Патриарший казначей приблизился к Иову и внятно, подрыгивая окладистой бородой, прочел:

«Мы, крестьяне села У гожи, выбрали и излюбили отца своего духовного Василия себе в приход. И как его бог благоволит, и святой владыка его в попы посвятит, и будучи ему у нас в приходе с причастием и с молитвами быть подвижну и со всякими потребами. А он человек добрый, не бражник, не пропойца, ни за каким хмельным питьем не ходит; в том мы, старосты и мирские люди, ему и выбор дали».

Патриарх кивнул и повелел Васюте подойти ближе.

– А поведай, сыне, что держит землю?

– Вода высока, святый отче.

– А что держит воду?

– Камень плоек вельми.

– А что держит камень?

– Четыре кита, владыка.

– Похвально, отрок, зело похвально.

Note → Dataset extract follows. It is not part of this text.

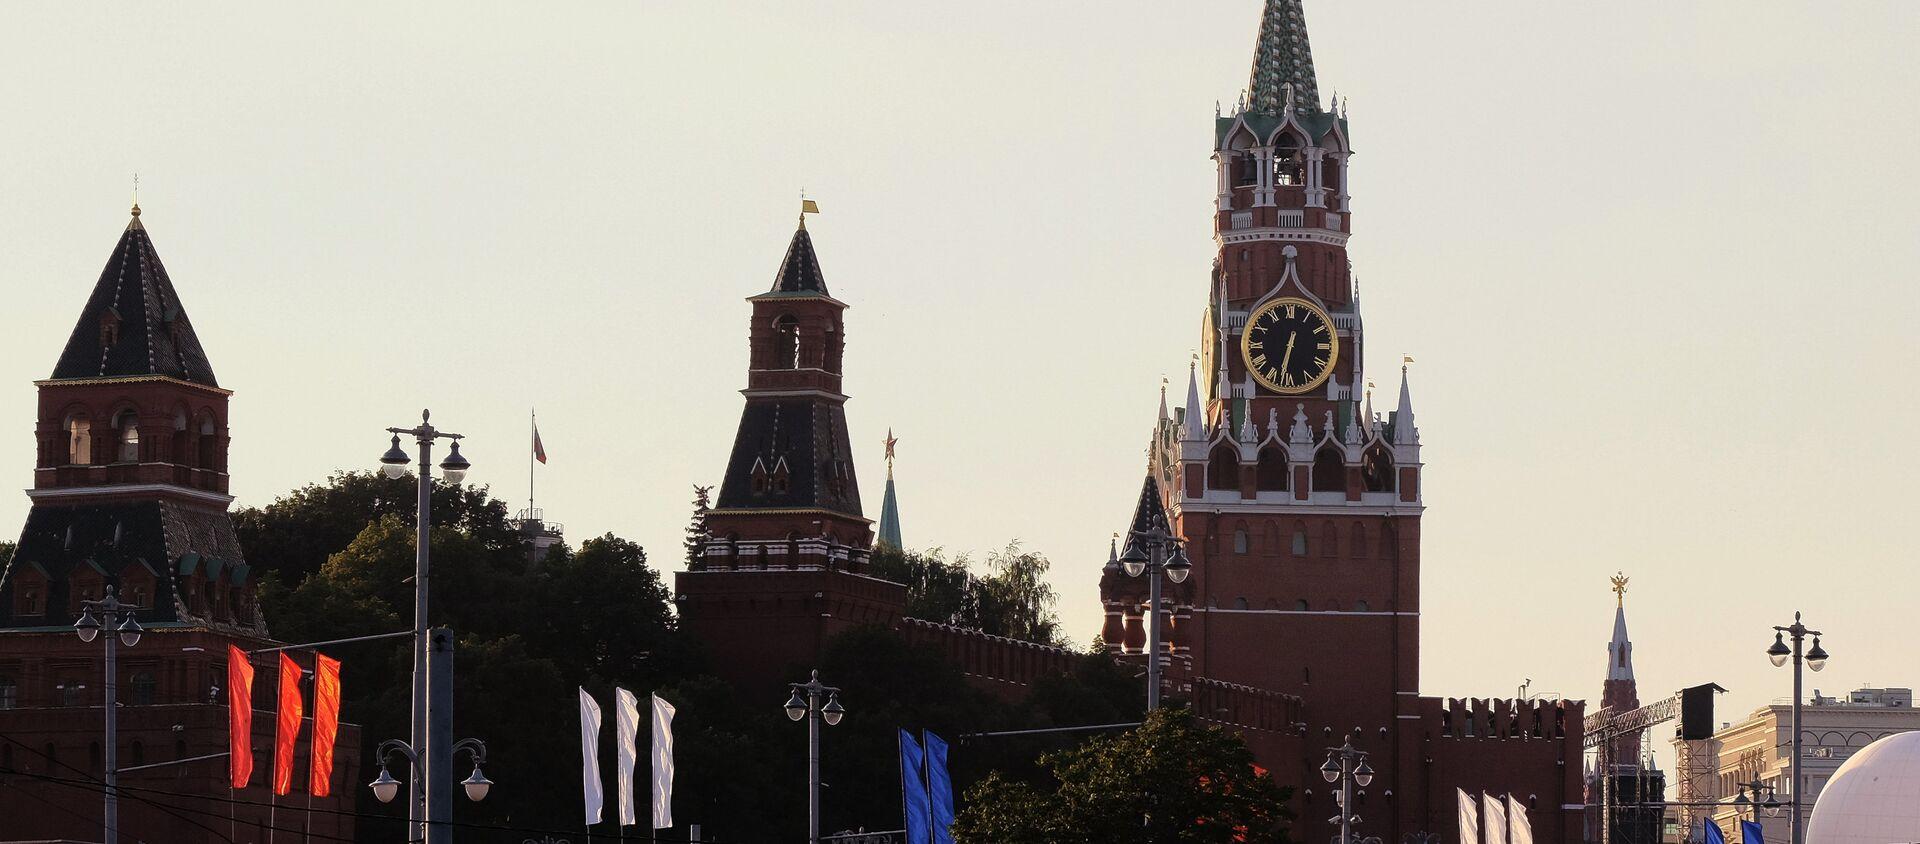 The Moscow Kremlin towers. (File) - Sputnik International, 1920, 17.05.2017

А горазд ли ты в грамоте? Подай ему псалтырь, Мефодий.

Васюта принял книгу, оболоченную синим сафьяном, и бегло начал читать.

– Довольно, сыне. Прими мое благословение.

Сложив руки на груди, Васюта ступил к патриарху,

пал на колени. Иов высоко воздел правую руку.

– Во имя отца и сына и святого духа! – истово промолвил он и, широко перекрестив, коснулся устами Васютиной головы.

В тот же день отобранных патриархом ставленников рукополагали в священники.

Из храма Васюта Шестак вышел отцом Василием.